Evaluation and Observability

Sources: Huyen (AI Engineering, ch. 3–4, 10), Brousseau & Sharp (LLMs in Production), Pydantic Evals documentation analysis, RAGAS framework documentation analysis, 2025–2026 production patterns

Covers: evaluation methodology, LLM-as-judge, RAG evaluation, golden datasets, production monitoring, tracing, feedback loops.

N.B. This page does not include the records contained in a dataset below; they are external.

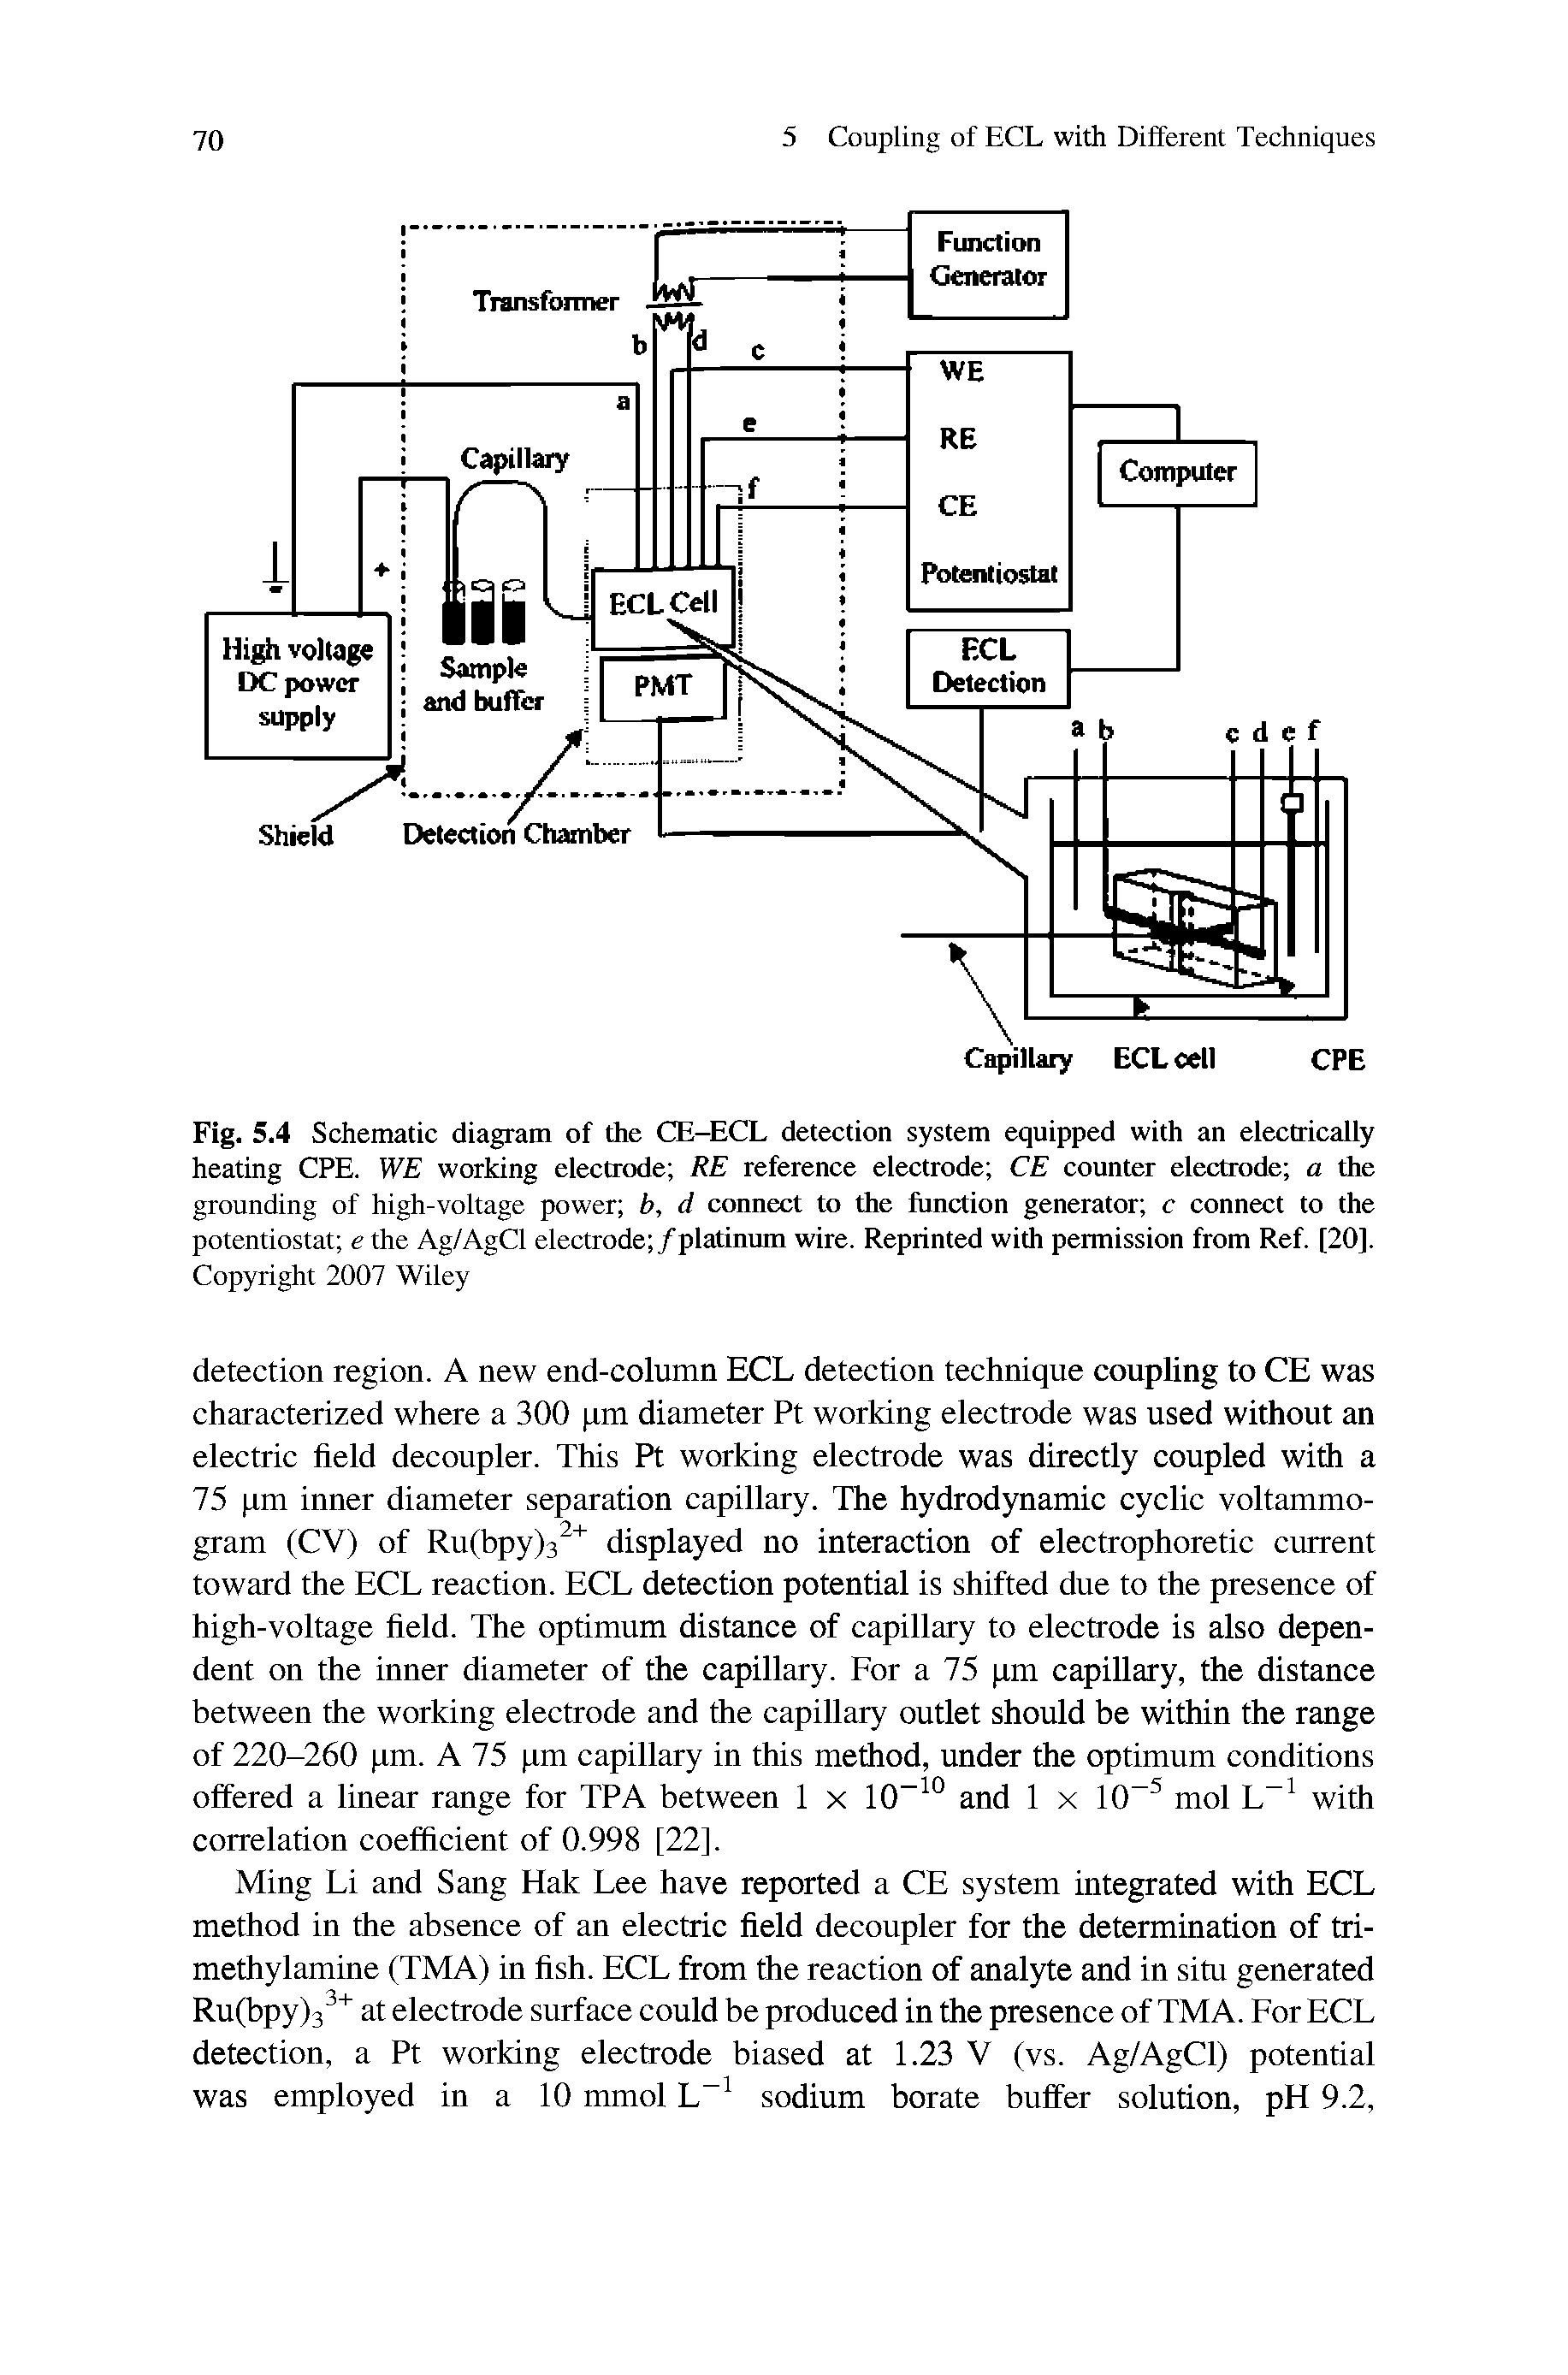 Fig. 5.4 Schematic diagram of the CE-ECL detection system equipped with an electrically heating CPE. WE working electrode RE reference electrode CE counter electrode a the grounding of high-voltage power b, d connect to the function generator c connect to the potentiostat e the Ag/AgCl electrode /platinum wire. Reprinted with permission from Ref. [20].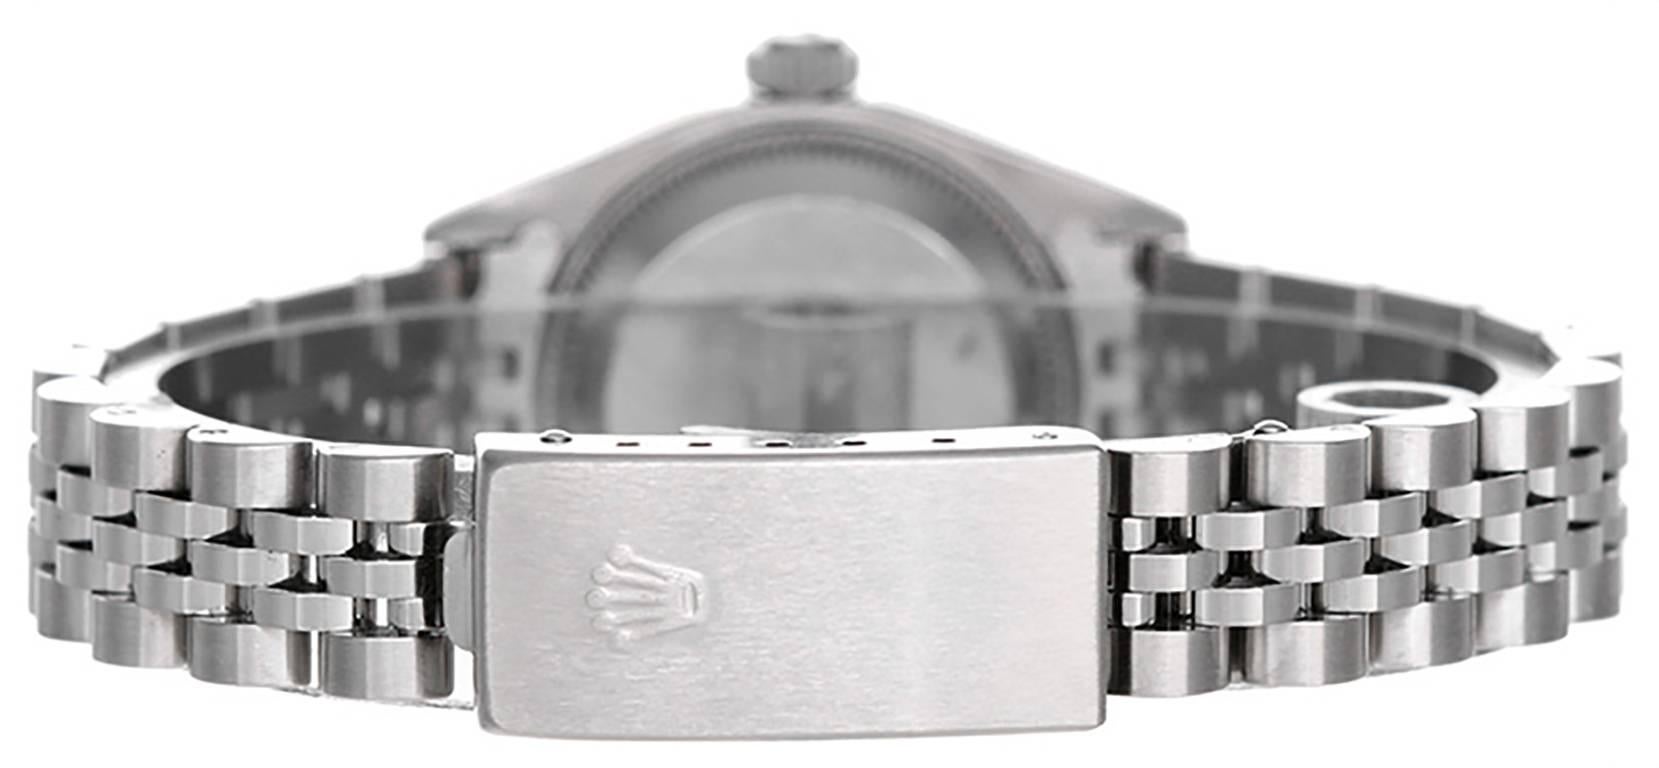 Automatic winding; 31 jewel; sapphire crystal. Stainless steel case with 18k white gold fluted bezel (26mm diameter). Silvered dial with stick markers. Stainless steel Jubilee bracelet. Pre-owned with custom box. Current Replacement Value: $7,250.00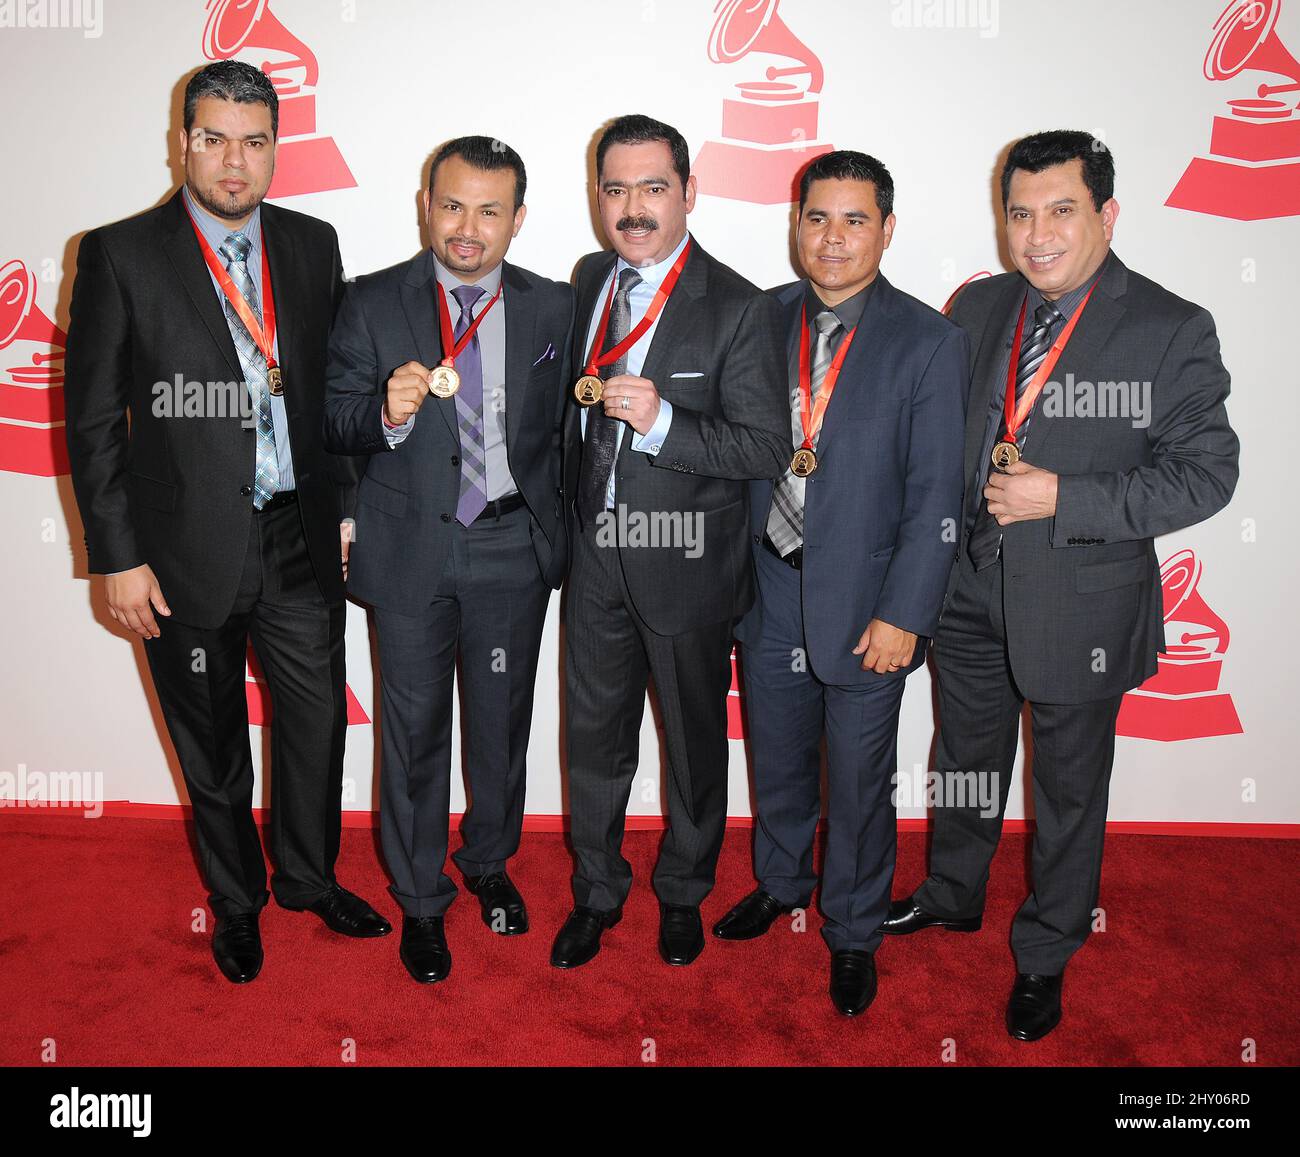 Los Tucanes nimmt an der Latin Recording Academy Person of the Year Tribute to Caetano Veloso 2012 in der MGM Grand Garden Arena in Las Vegas, USA, Teil. Stockfoto

Why Evaluation Is the Hard Part

LLM applications fail in ways traditional software does not:

Correct code produces wrong answers
The same prompt produces different outputs at different times
Quality degrades when prompts are updated upstream
Failures are semantic, not syntactic — no stack trace

Without evaluation infrastructure, you are shipping blind. Every prompt change is a regression risk you cannot detect.

Evaluation Methodology

Three-Layer Framework

Layer	Approach	When to Use
Functional correctness	Deterministic code checks	Schema validation, format compliance
Similarity metrics	BLEU, ROUGE, semantic similarity	Translation, summarization with reference
Semantic quality	LLM-as-judge	Open-ended tasks; when correctness is subjective

Apply layers cheapest-first. Run schema validation before LLM-as-judge. A response that fails schema validation does not need an expensive semantic quality check.

Evaluation Granularity

Evaluate at three levels:

System level:    End-to-end quality (does the app do its job?)
Component level: Each pipeline stage (retrieval, generation, routing)
Prompt level:    Each template variant (A/B test prompt changes)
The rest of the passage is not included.